June’s smart oven has a camera built in that can automatically identify food, and then tell you the best way to cook it. Coupled with a smartphone app packed with recipes, the June helps simplify and speed up the time it takes to prepare dinner – or breakfast or lunch, for that matter – but not everyone will be able to stomach its price.
Editor's Note: June increased the price of its oven to $699 from $600 due to tariffs.
Much larger than the Brava (17.3 x 16.4 x 11.3 inches), the June smart oven, which measures 19.6 x 19 x 12.75 inches, will dominate your counter, so those with limited counter space might want to think twice about getting one.
Unlike the all-metal Brava, the June looks more like a traditional toaster oven, due mainly to the fact that its door is glass, so you can peer in and see what you’re cooking without having to open it. This feature alone elevated the June above the Brava in the eyes of many a curious officemate.
Inset into the lower-right side of the door is a color touchscreen that lets you control the June and look up recipes and such. It’s larger than that on the Brava, but taller people (such as myself) will have to stoop down a little to use it.
Inside, on the bottom of the stove, are two carbon heating elements, and four more on the top. These elements are somewhat exposed, so you have to be careful not to hit them with anything. Underneath is a metal drip tray — something the Brava lacks — which makes cleaning spills a bit easier.
The June’s interior is 1 cubic foot in size, large enough to fit a 16- x 12-inch pan. That’s a bit more spacious than the Brava’s 0.9-cu-ft capacity. When I slid a 4.5-pound chicken into each, the bird had a lot more room to move in the June.
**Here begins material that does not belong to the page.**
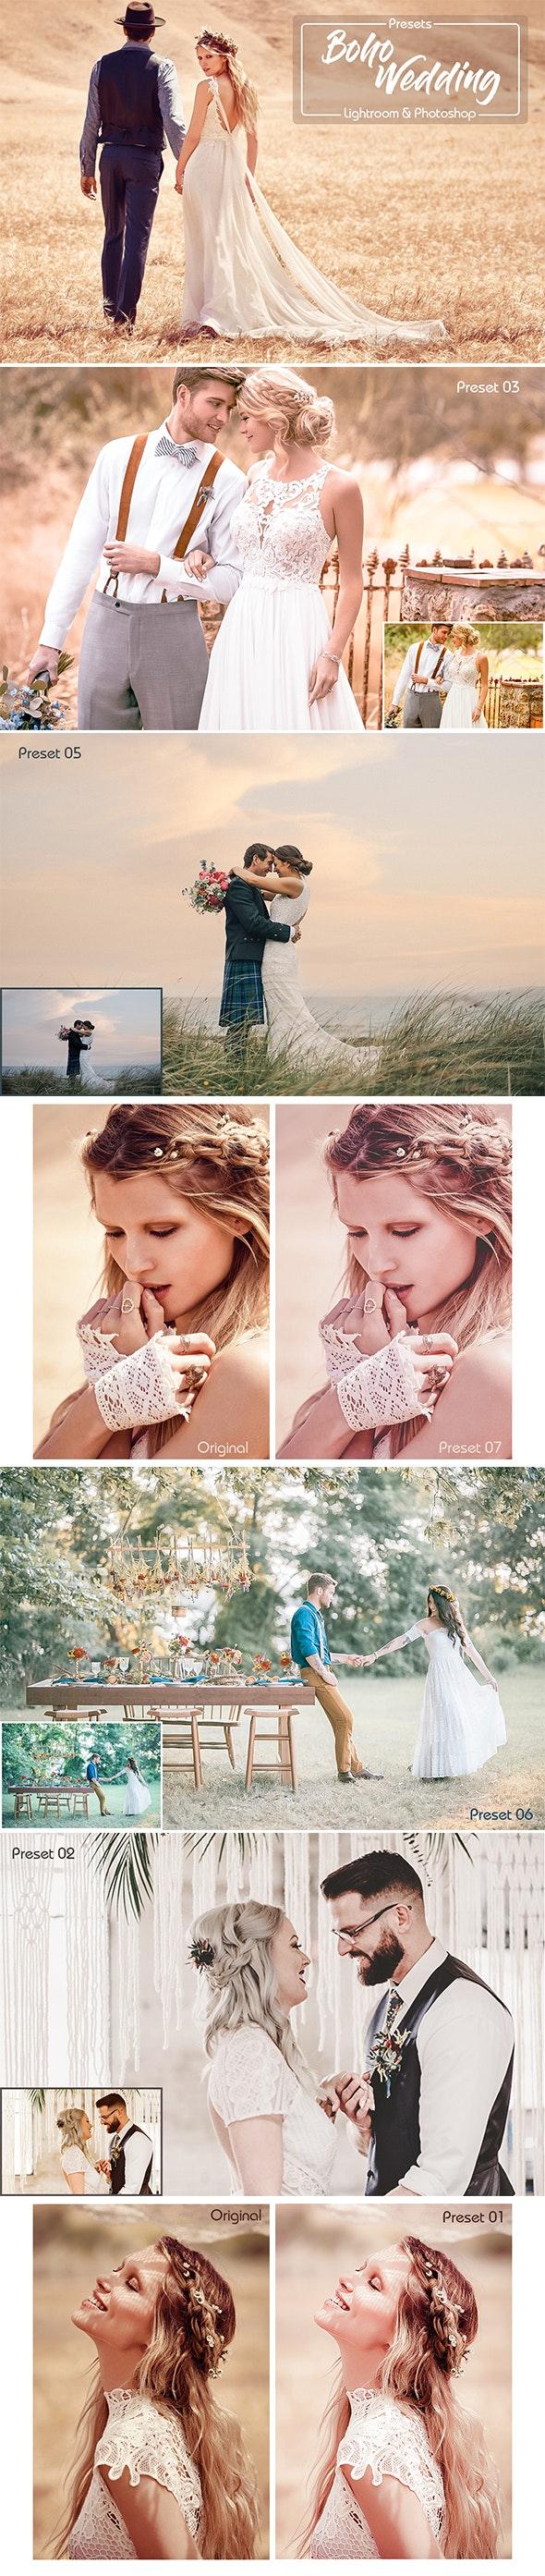 Boho Wedding Lightroom Presets & Photoshop Filters ACR by

Automatic food recognition
The most magical part of this oven is its ability to automatically recognize what you’re cooking; the built-in AI can identify about 50 different foods, such as chicken (whole, breasts, thighs, legs); eggs; bacon; beef; lamb; pork; several kinds of seafood; pizza and numerous vegetables. You can find a full list here.
It was pretty awesome to slide something into the oven – say a bagel – and have the oven instantly recognize what it was, and suggest how to cook it. This feature saves you time lost to hunting for a particular recipe.
June also has a partnership with Whole Foods, so if you buy prepackaged food from that store, the oven will know how to cook it. Brava has a similar arrangement with Trader Joes.
The June is capable of several cooking modes, including bake, convection oven, air fry, dehydrate, slow cook, broil, toast and warm. That’s comparable to the Brava, so we cooked a number of things side by side in each smart oven to see which one came out on top.
The first thing I made in the June was a roast chicken with potatoes. While there’s a recipe in the June app, I decided to test the oven’s object-recognition capabilities. As soon as I slid the bird into the oven, it immediately recognized that it was a chicken; the June’s display asked if it was whole or spatchcocked. That was pretty amazing.
A 4.3-pound chicken took 54 minutes – comparable to the time it took the Brava to cook a similarly-sized bird – and it came out perfect. The thigh and breast meat was juicy and bursting with flavor, and the potatoes were perfectly tender, with a little char on the bottom where they were resting on the pan. As the bird was cooking, one coworker said it smelled like her grandma’s house. We took that as a compliment.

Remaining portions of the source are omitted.